Maharaja of Orchha
- Reign: 3 March 1930 – 10 October 1956
- Coronation: 4 November 1930
- Predecessor: Pratap Singh Ju Deo
- Successor: Devendra Singh
- Born: 14 April 1899
- Died: 7 October 1956 (aged 57)
- Issue: Devendra Singh; Sudha Kumari;

Names
- Vir Singh Ju Deo

Regnal name
- Vir Singh II
- House: Orchha
- Dynasty: Bundela
- Father: Bhagwant Singh Ju Deo

= Vir Singh Judeo =

Maharaja of Orchha from 1930 to 1956

Vir Singh Ju Deo (also spelt Bir Singh Ju Deo) was the Maharaja of Orchha (in Bundelkhand) from 1930 until his death in 1956.

==Early life, family, and education==
He was born on 14 April 1899 to Bhagwant Singh Ju Deo, the heir apparent of Orchha. He was educated at Daly College in Indore, Rajkumar College in Rajkot, and Mayo College in Ajmer.

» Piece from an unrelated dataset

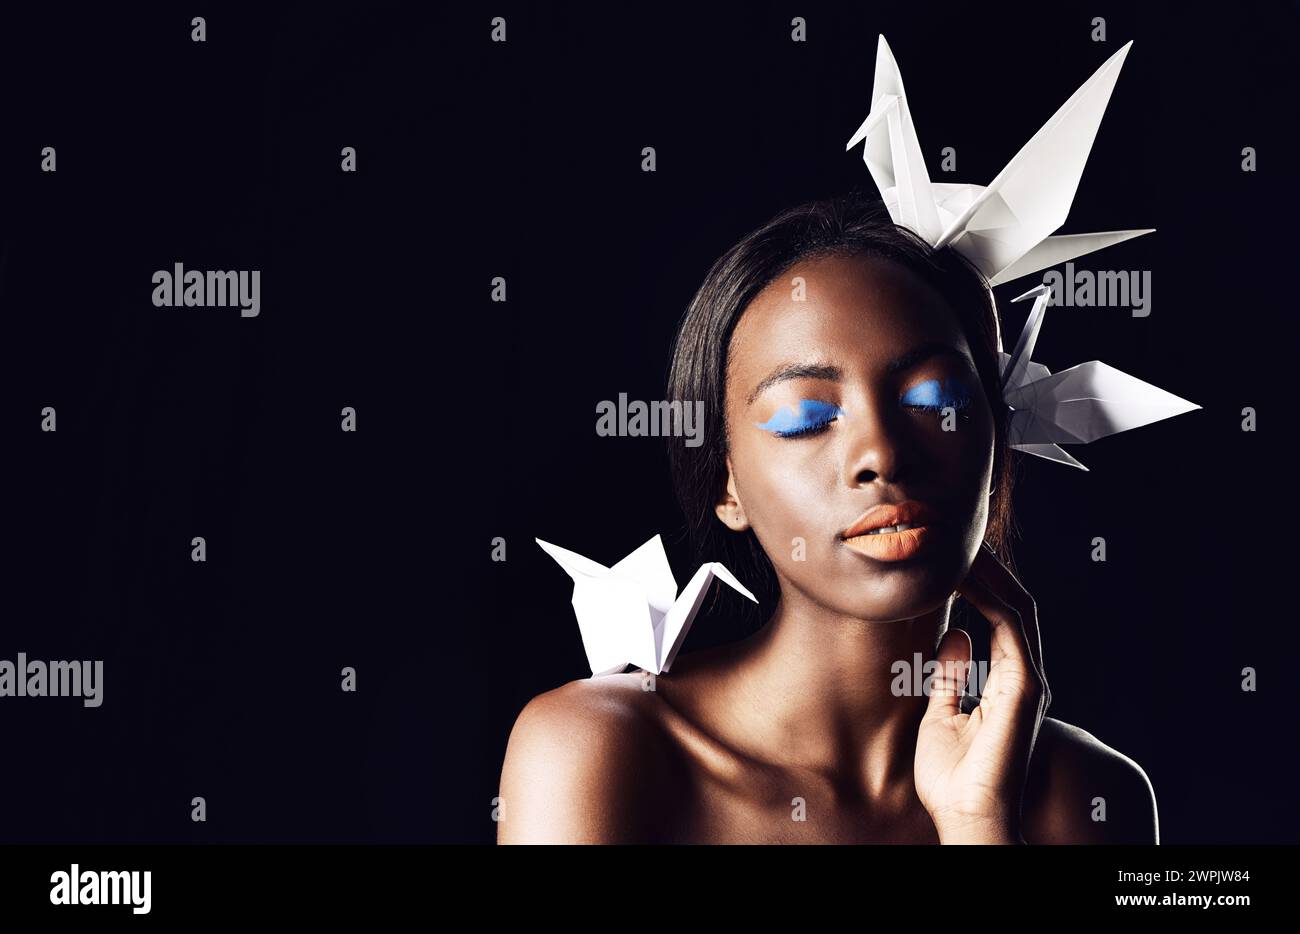 Schwarze Frau, Make-up und schöne Kunst mit Schönheit, Origami-Vögeln oder Kosmetik auf dunklem Studiohintergrund. Nahaufnahme oder Gesicht einer afrikanischen weiblichen Person oder Stockfoto

He received administrative training in the Saugor district, Central Provinces. His father died in December 1920, leaving behind four sons. As the eldest, he was designated the heir apparent to Orchha. He, along with his grandfather, Pratap Singh Ju Deo, his father, and his brother, Karan Singh, attended the Delhi Durbar of 1911, which was held to proclaim George V and Mary as Emperor and Empress of India. On this occasion, he acted as a page to George V. He married twice—first on 4 March 1919 to a sister of the Thakore of Wadhwan, and later to a granddaughter of the Maharaja of Gondal. From his first wife, he had one son, Devendra Singh, born on 6 November 1919. By his second wife, he had a daughter, Sudha Kumari, born on 22 November 1930. She married Ratan Singh of Dhami.

==Reign==
Upon the death of his grandfather, Pratap Singh Ju Deo, on 3 March 1930, he succeeded him as the Maharaja of Orchha. His coronation took place on 4 November 1930, when R.J.W. Wheel, then Agent to the Governor-general in Central India, installed him on the throne by placing the mukut on his head. Right after his coronation, he announced the opening of 100 primary schools. In 1930, when the Baghelkhand branch of the Indian National Congress began its agitation to raise public awareness in Bundelkhand, it also influenced the environment in Orchha. As a result, people started opposing feudalism and monarchy. In 1932, during the Shivaratri festival at Kundeshwar, Jawala Singh displayed cartoons—one of which depicted the Vir milking the people, represented as a cow. This portrayal sparked opposition against the monarchy. In 1933, when Chandra Shekhar Azad arrived in Orchha, he intensified efforts to raise public awareness against British rule. As a result, a state servant, Lalaram Bajpai, resigned from his position in Nakedari and joined the Congress. In 1937, when Jawaharlal Nehru was not permitted to halt in Tikamgarh to promote the Congress's electoral cause, it enraged the people against the Vir. He had the state area surveyed. While in Mumbai on 17 December 1946, he announced that he would form a responsible government in his state. Accordingly, on 10 January 1947, he established a responsible cabinet in Orchha. This cabinet, with Rama Shankar Shukla as prime minister, Mankameshwarnath Jutsi as revenue minister, Tribhuvan Kumar Pandey as home minister, and Chaturbhuj Pathak nominated as education and social welfare minister, began its work on 11 January 1947. When India gained independence on 15 August 1947, he, in line with the will of the people, established a responsible government by transferring power to the masses on 17 December 1947. When the covenant for the merger of the states of Bundelkhand and Baghelkhand to form Vindhya Pradesh was finalized, he, along with the other rulers of Bundelkhand, signed it at Nowgong in March 1948.

==Death==
He died on 7 October 1956. His son, Devendra, was recognized as the Maharaja of Orchha by the Government of India on 21 November 1956.

== Honours ==
He was appointed Knight Commander of the Order of the Star of India in 1936.